We also remove system metrics for each process from the user. The most useful of them are CPU, Disk i / o, Swap, Swap I / O and up to the heap (we are tired of the problem of too many open files), we remove for each process how many descriptors are opened, sockets, files are not important, and what limit.
And we immediately see that at night there was a backup on the master, and pbzip ate CPU. In principle, a simple metric, just a good granularity, and we get all the answers.

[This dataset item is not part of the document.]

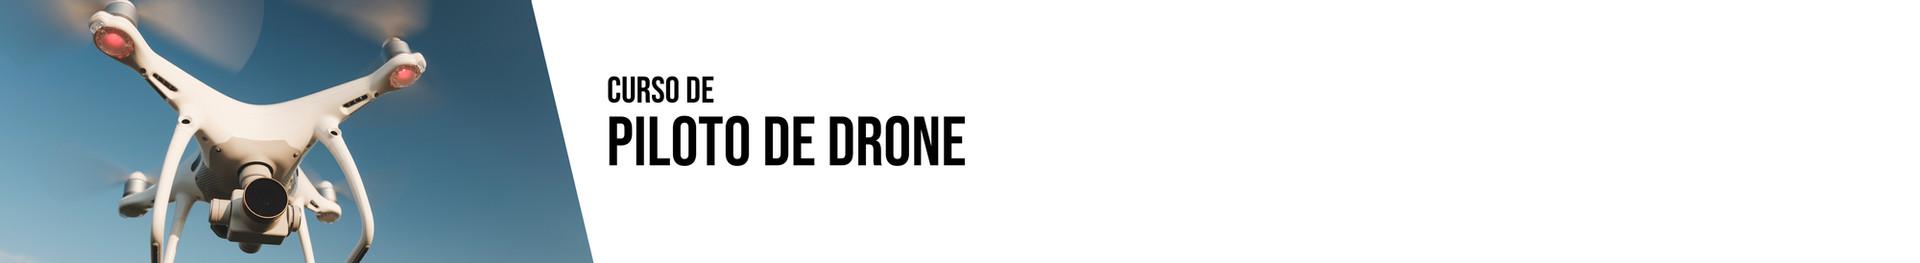 treinamento de piloto de drone - capa.jp

Let's finish and summarize. I wanted to tell you about what you need to think not about how many points there are, how many hosts to monitor, what ports they have to check once a minute, but make good correct graphs for your system, and they can increase the speed of finding out the reasons for you fakapov.It is important not to stop, if ... Suppose we see the whole picture at the front end, we could not go further along the logs, but we realized that after we understand whether there is a problem or not, it takes us 10 minutes during the day to read the logs. But we monitored there and saw that this time was reduced by 10 times. Further, we see problems with base. We used to be: “We have postgres consulting DB admins are outsourcing!”. We call and say: "Guys, look, what's with the base?". Now we, at least, understand whether there is anything on the basis of what. Because any communication between people is long, the computer is faster, and if you make the right metrics ... At least make the metrics not so that they give you answers, but do to exclude the most likely problems. And the more detailed the metric, the simplerbecause if we are all averaged there, take percents, histograms, etc., nothing will be clear, and you will still get into the logs. Try to make it so that you don’t need to go to the logs.That's all I wanted to tell you. Thanks for attention!
Contacts
NikolaySivkon.sivko@gmail.comsivko@hh.ruHeadHunterCompany Blog okmeter.io Company BlogThis report is a transcript of one of the best speeches at the conference of developers of high-loaded HighLoad ++ systems. Now we are actively preparing a conference in 2017 - this year HighLoad ++ will be held in Skolkovo, on November 7 and 8.
The topic of monitoring is raised on HighLoad ++ every year, here, for example, some of the reports of 2017:
Well, Nikolai himself is going to read a philosophical and systematizing report on the topic “ Operation of container based infrastructures ”.
Also, some of these materials are used by us in an online training course on the development of high-load systems HighLoad.Guide is a chain of specially selected letters, articles, materials, videos. Already, in our textbook more than 30 unique materials. Get connected!